ASSIGNMENT:
Please restate the data that follows word for word, with the pictures left out.

INFORMATION SUPPLIED:
------------------------
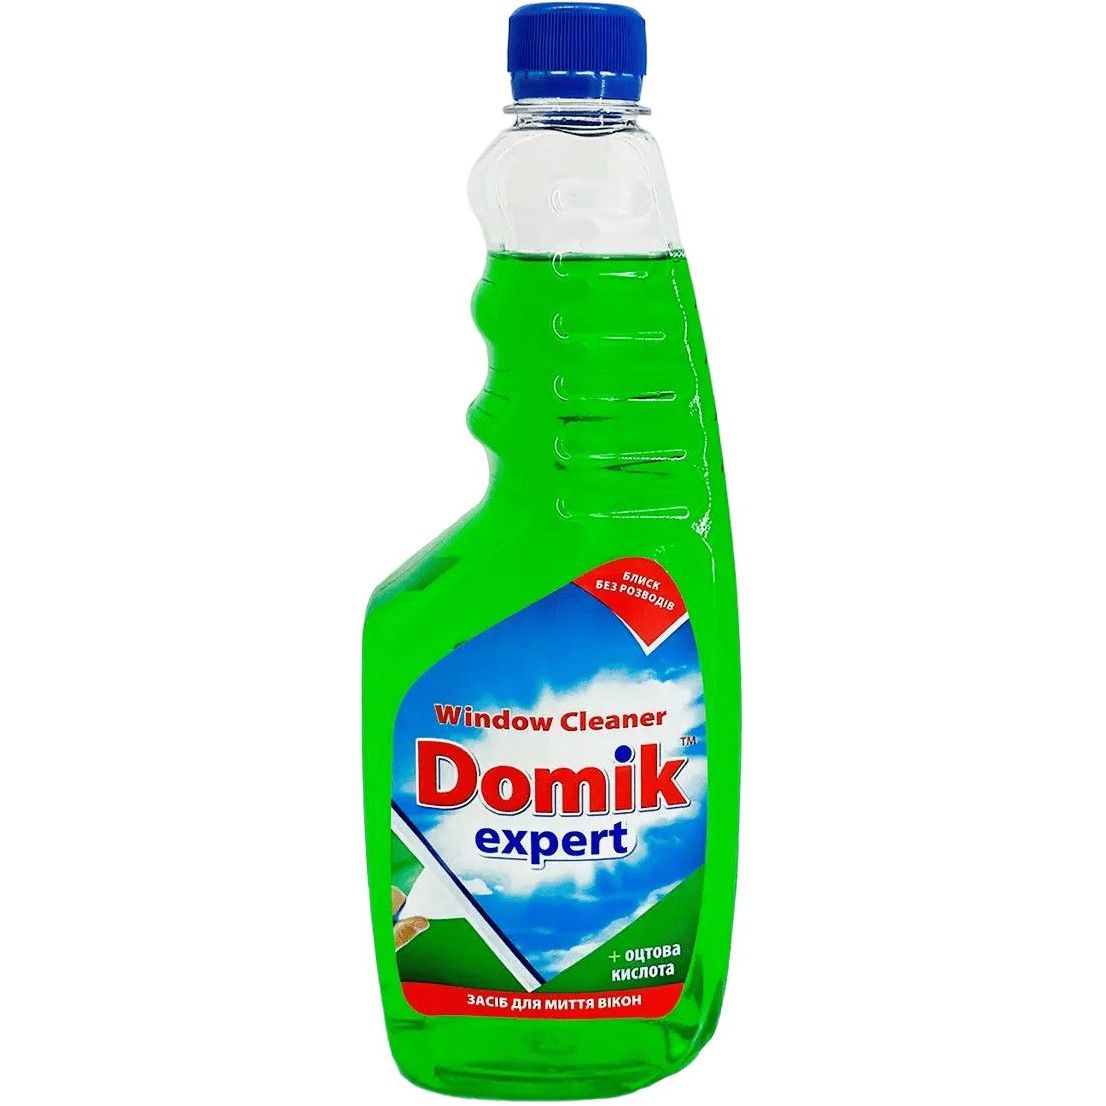 Засіб для миття вікон Domik expert з оцтовою кислотою, запаска, 750 мл - фото 1
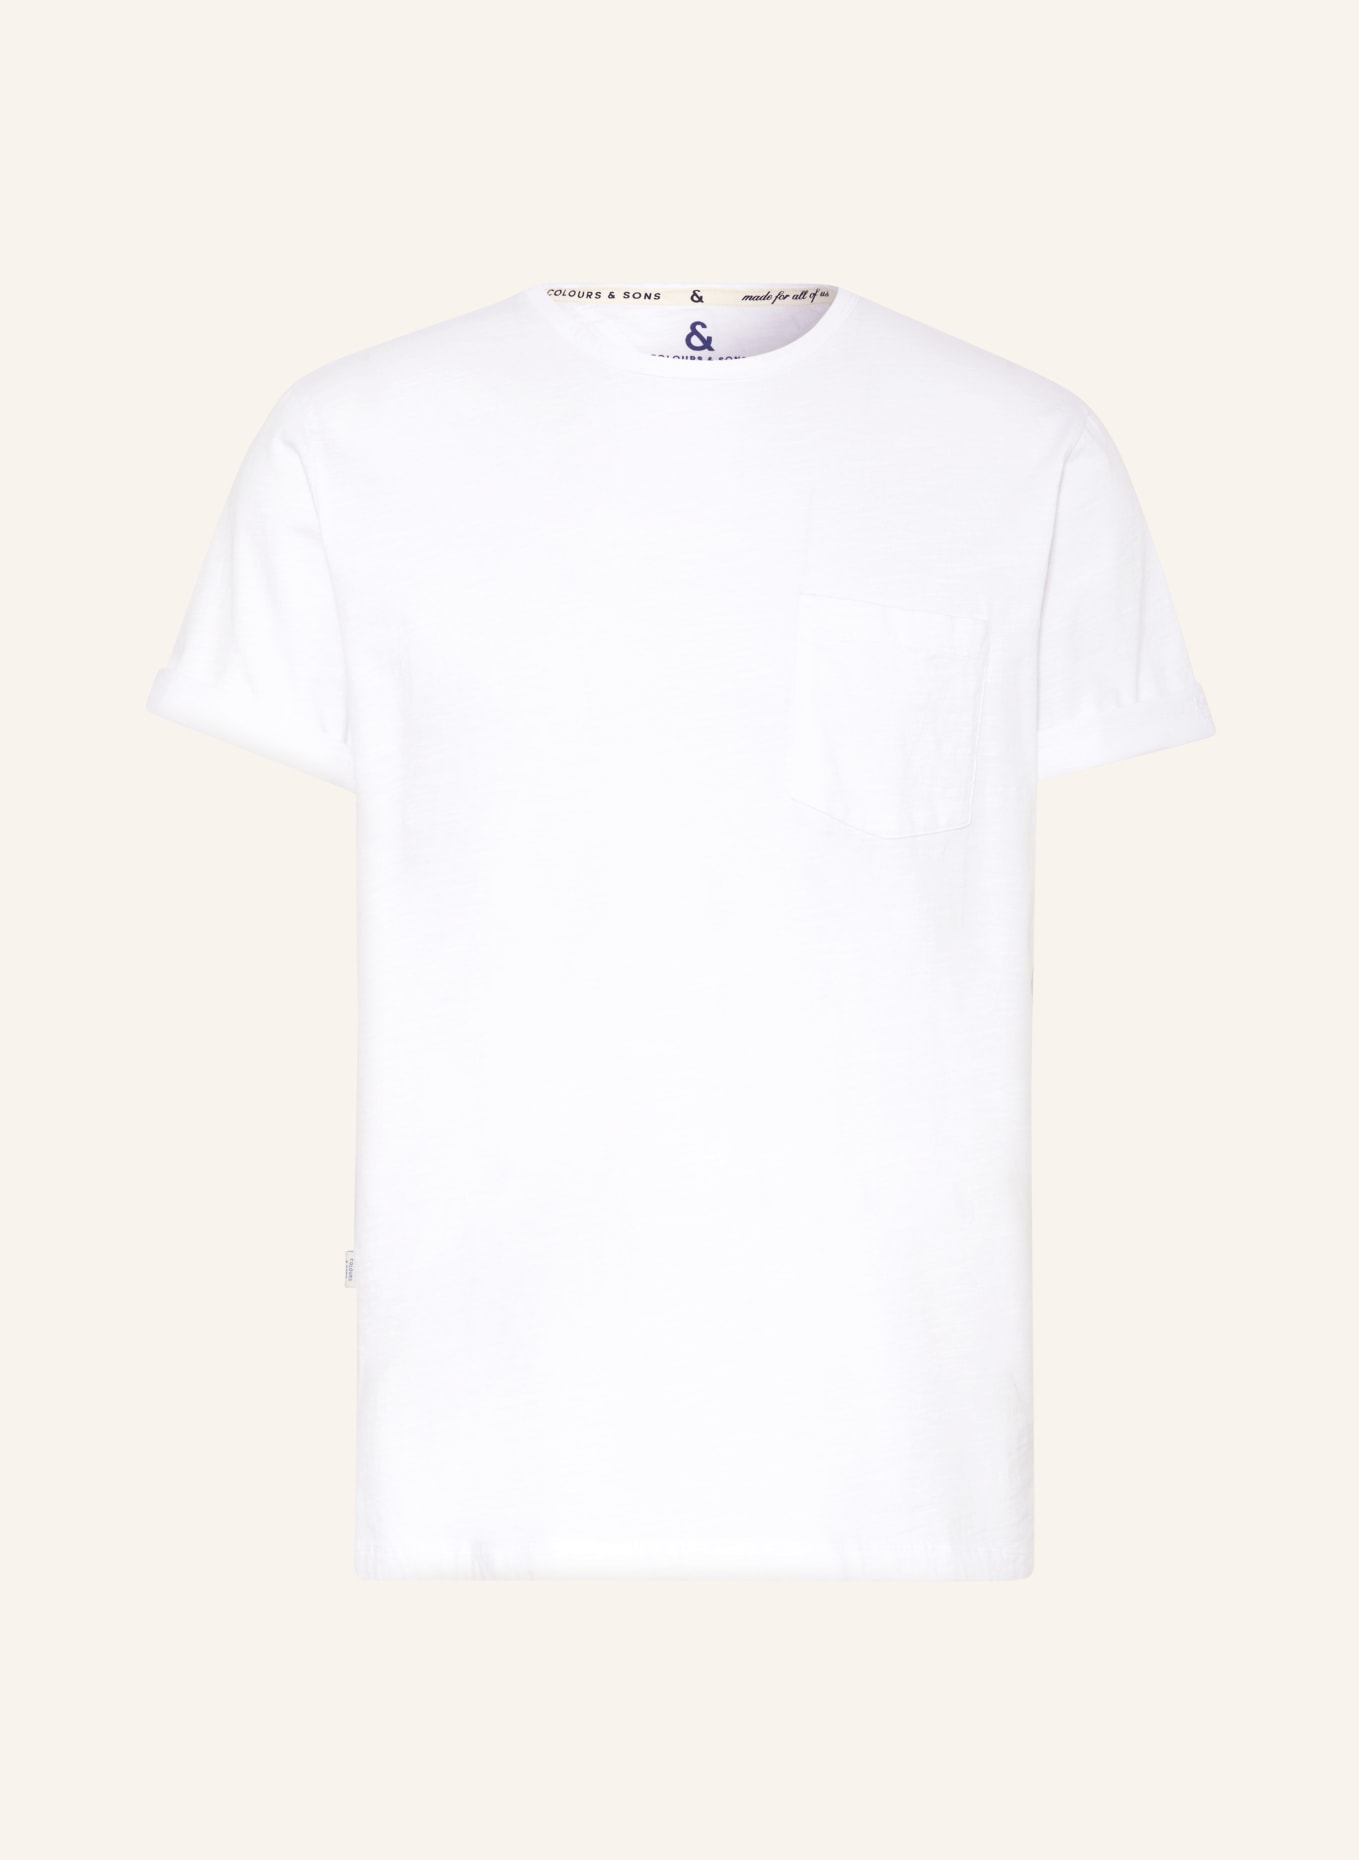 COLOURS & SONS T-shirt, Color: WHITE (Image 1)
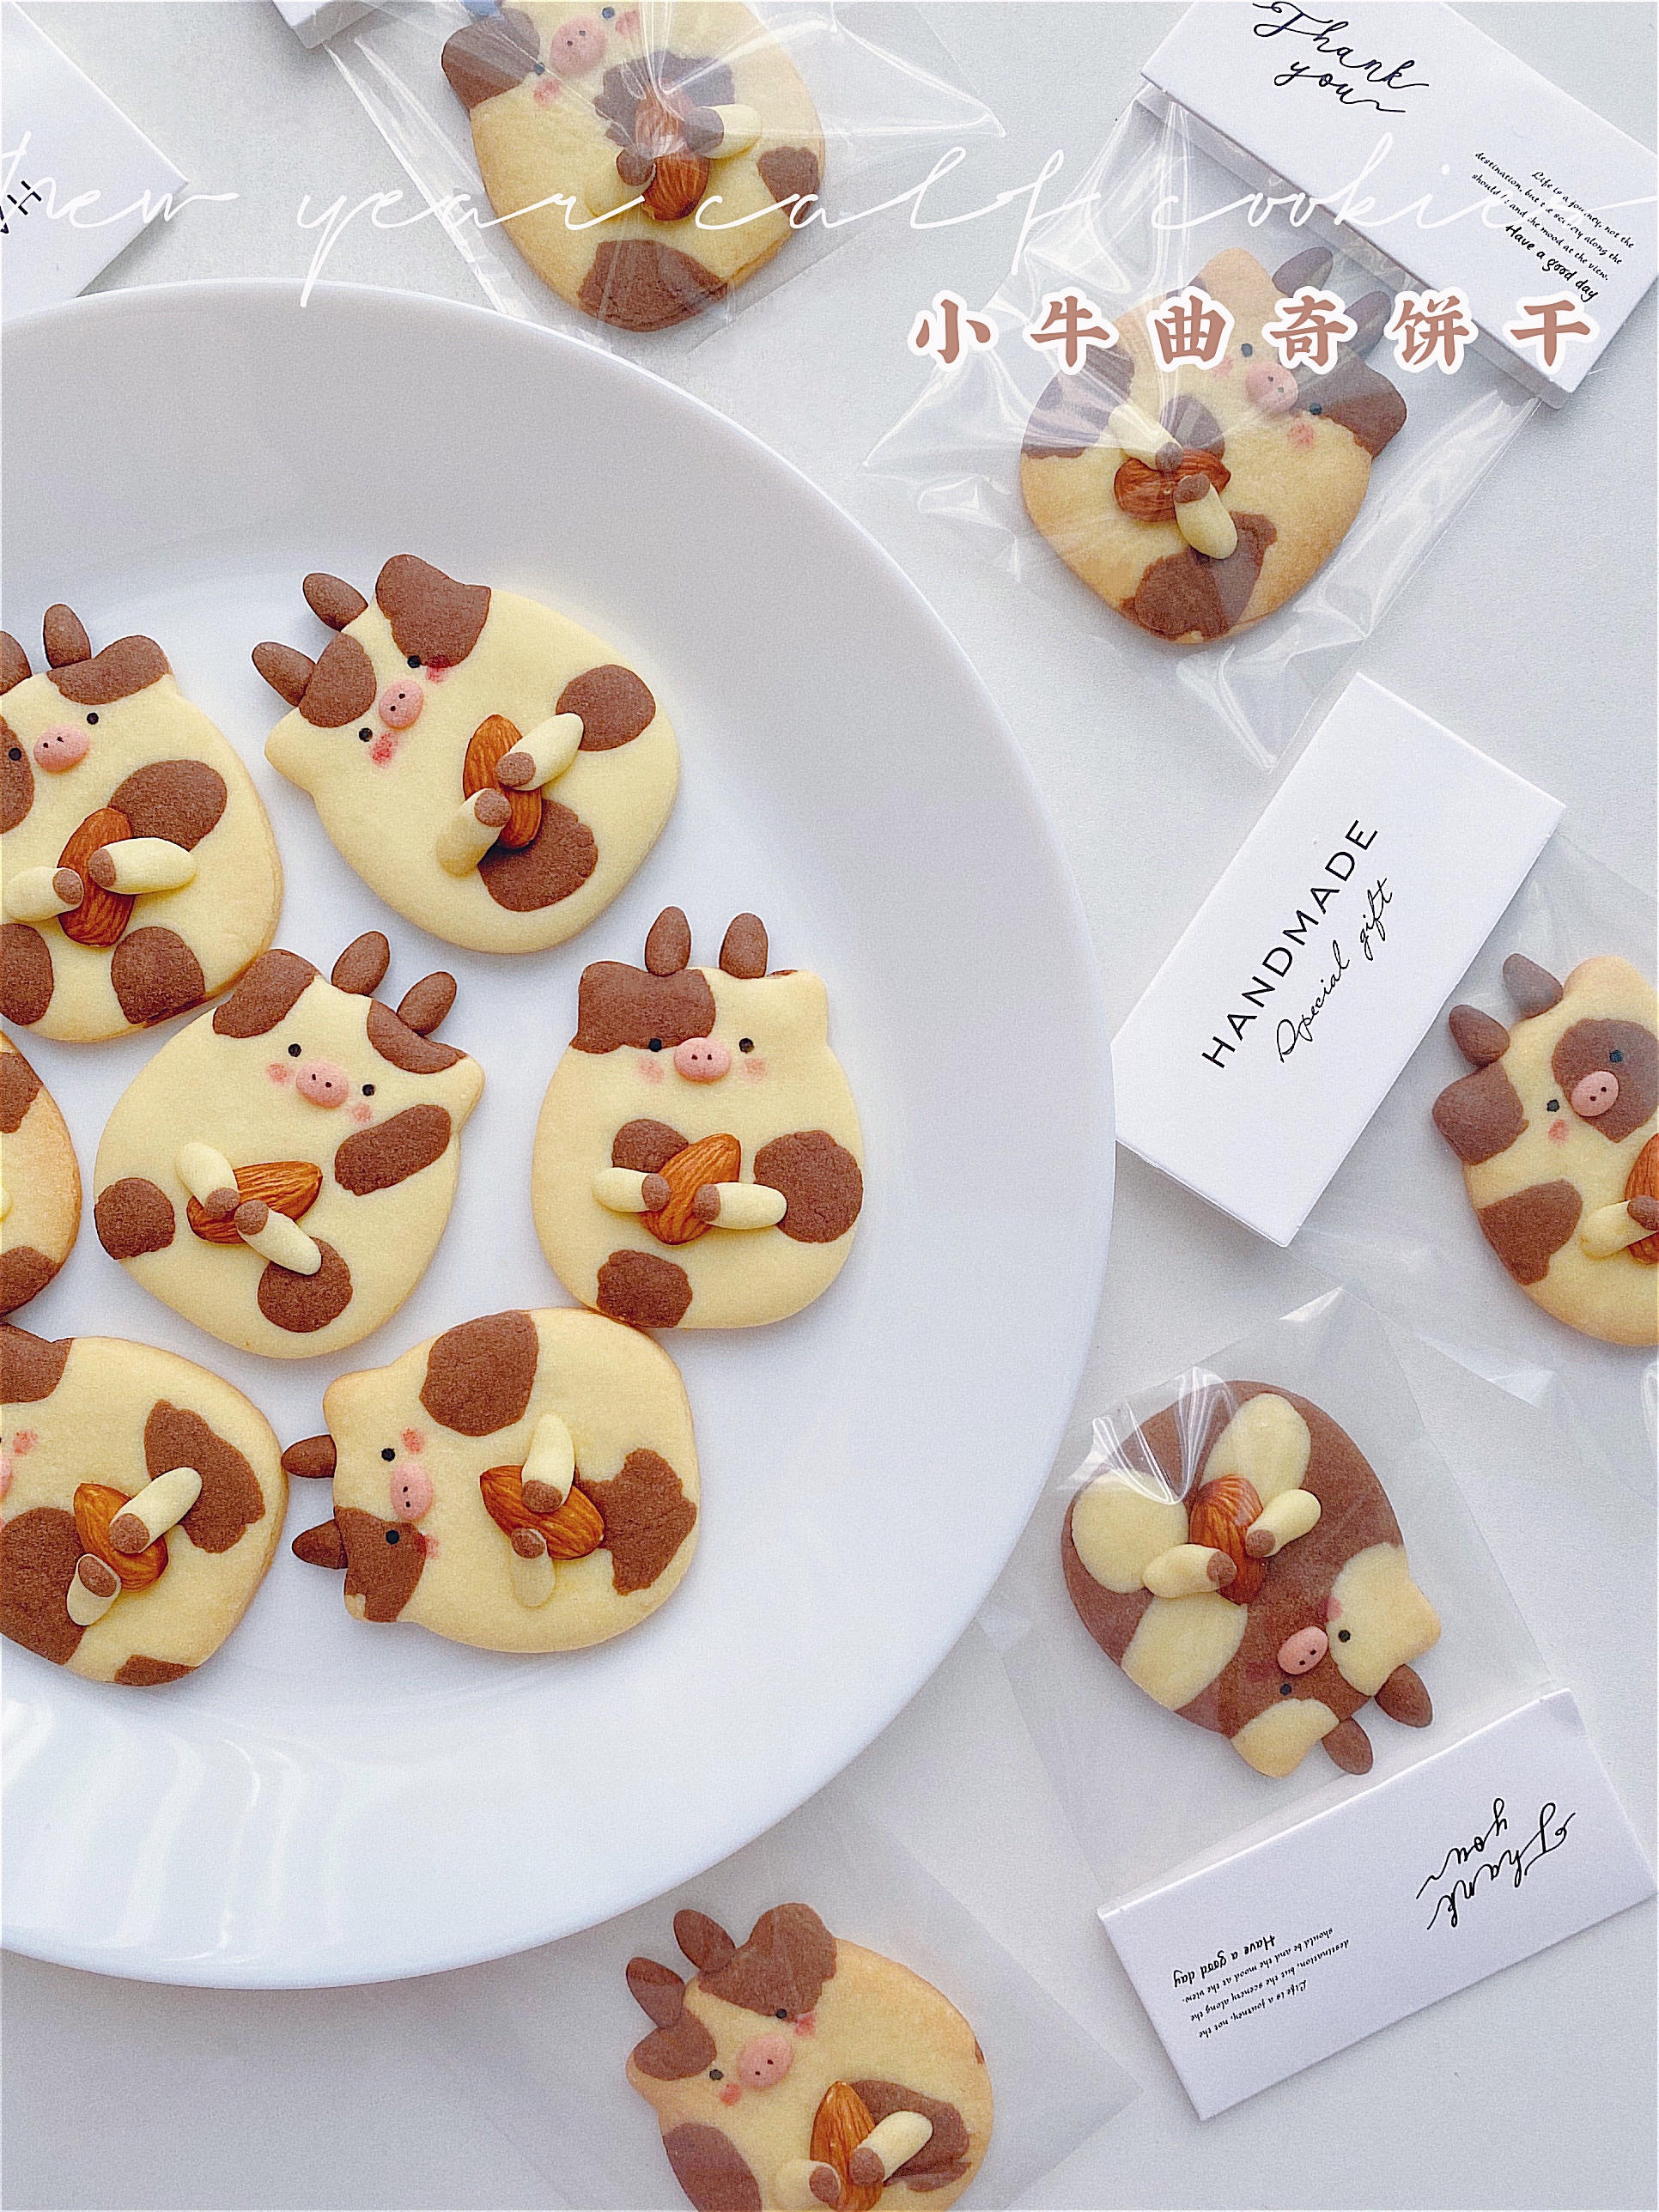 春节特别企划🧧软萌可爱的小奶牛曲奇饼干🐄的做法
------------------------
SOLUTION BELOW:
 Засіб для миття вікон Domik expert з оцтовою кислотою, запаска, 750 мл - фото 1
 COLOURS & SONS T-shirt, Color: WHITE (Image 1)
 春节特别企划🧧软萌可爱的小奶牛曲奇饼干🐄的做法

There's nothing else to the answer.